El camino elegido por Dios lo indica hoy tanto la primera lectura como la segunda. El profeta Ezequiel dice: Pueblo mío, yo mismo abriré sus sepulcros, los haré salir de ellos y los conduciré de nuevo a la tierra de Israel. Cuando abra sus sepulcros y los saque de ellos, pueblo mío, ustedes dirán que yo soy el Señor. Entonces les infundiré mi espíritu y vivirán, los estableceré en su tierra, y ustedes sabrán que yo, el Señor, lo dije y lo cumplí. El Señor quiere vida, nos regala su espíritu, nos lo da para que podamos generar vida.

 

San Pablo en la segunda lectura afirma: Hermanos, los que viven en forma desordenada y egoísta, no pueden agradar a Dios; pero ustedes no llevan esa clase de vida, sino una vida conforme al espíritu, y el espíritu de Dios habita verdaderamente en ustedes.

 

Podemos preguntarnos si es que no vemos la expresión de la vida en el entorno, entonces, ¿seremos ese Lázaro que está muerto? ¿Seremos ese Lázaro que está sepultado y que ya huele mal? Pues bien, hermanos el Señor hoy no solamente viene a recordarnos esa escena de su vida terrestre, sino que viene a decirnos que Él está aquí, y nos dice: ¡Salgan fuera!

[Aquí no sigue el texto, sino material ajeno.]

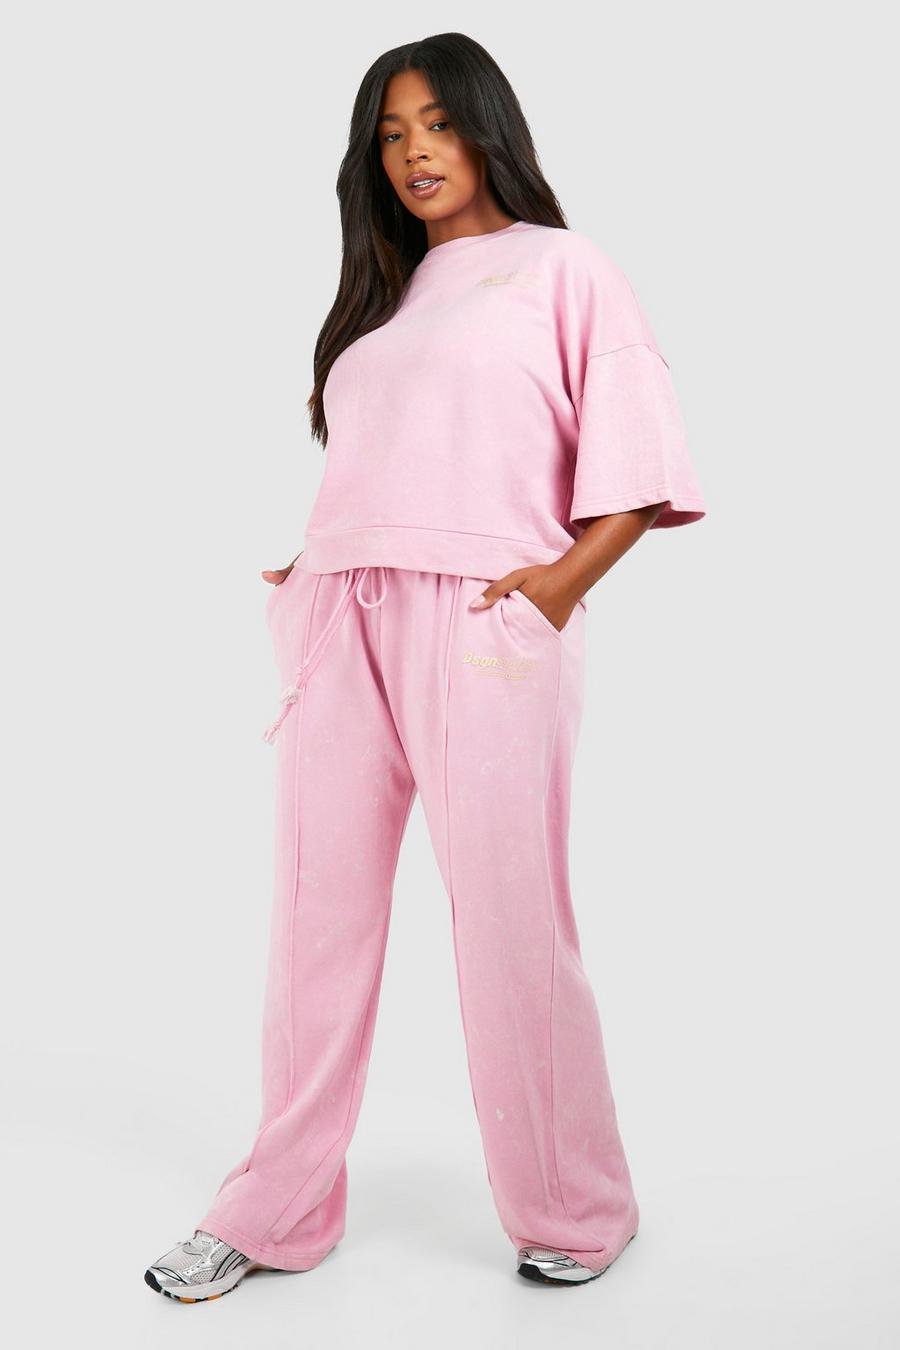 Pantaloni tuta Plus Size dritti slavati Dsgn Studio, Pink image number 1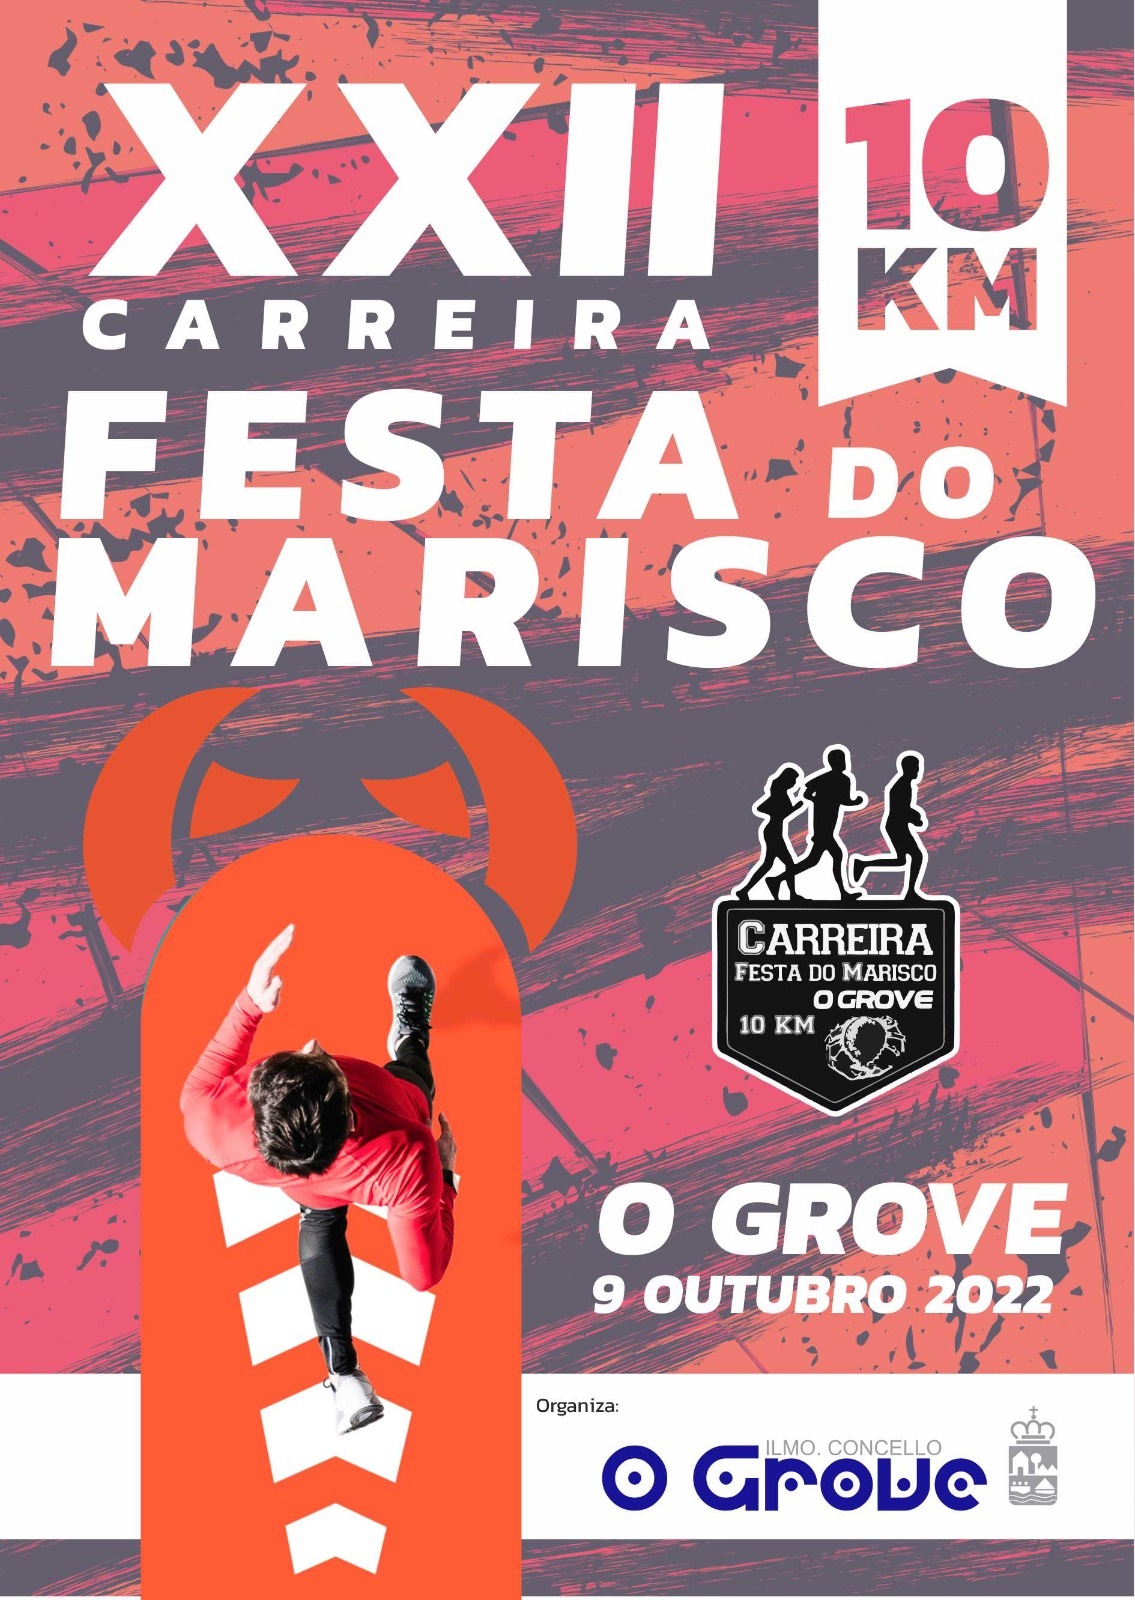 XXII CARREIRA POPULAR FESTA DO MARISCO 2022 - Inscríbete

Como salió de la tumba Lázaro.

 

Cualquier  circunstancia puede ser transformada por la fuerza del Espíritu, cuando aceptamos el Espíritu de Dios en medio de nosotros.

 

Hoy es el quinto domingo de Cuaresma, el próximo domingo será, Domingo de Ramos. ¿Cómo vamos a acoger a Jesús, cómo lo vamos a recibir? Con palmas, ¿se quedará en ese signo de las palmas o le abriremos el corazón? ¿Nos conmoveremos por la situación en la que vivimos, y nos comprometeremos con el Señor Jesús a hacer presente su Espíritu entre nosotros, los discípulos de Jesús?

 

Vendrá la Pascua, la resurrección del Señor. Vendrá la confirmación de que, lo que Dios quiere de nosotros no es muerte y violencia, agresión y odio. El proyecto de Dios es vida, fraternidad, justicia, perdón, reconciliación y paz.

 

¿De qué parte nos ponemos? El ejercicio de la Cuaresma es precisamente para eso, para decidir nuevamente y ponernos de lado de Jesús. Sentirnos parte de esta comunidad de discípulos de Cristo, que corresponsablemente camina en comunión con la fuerza y la gracia de Dios. Solamente estando en Cristo, con Cristo y por Cristo, nosotros daremos vida a nuestra sociedad.

 

Que el Señor Jesús, nos ayude en estos días, en esta última semana de Cuaresma a preparar nuestra respuesta, con plena conciencia y con mucha confianza, y que genere en nosotros una gran esperanza; ya que está en nuestras manos devolverle la vida a nuestra sociedad. Que así sea.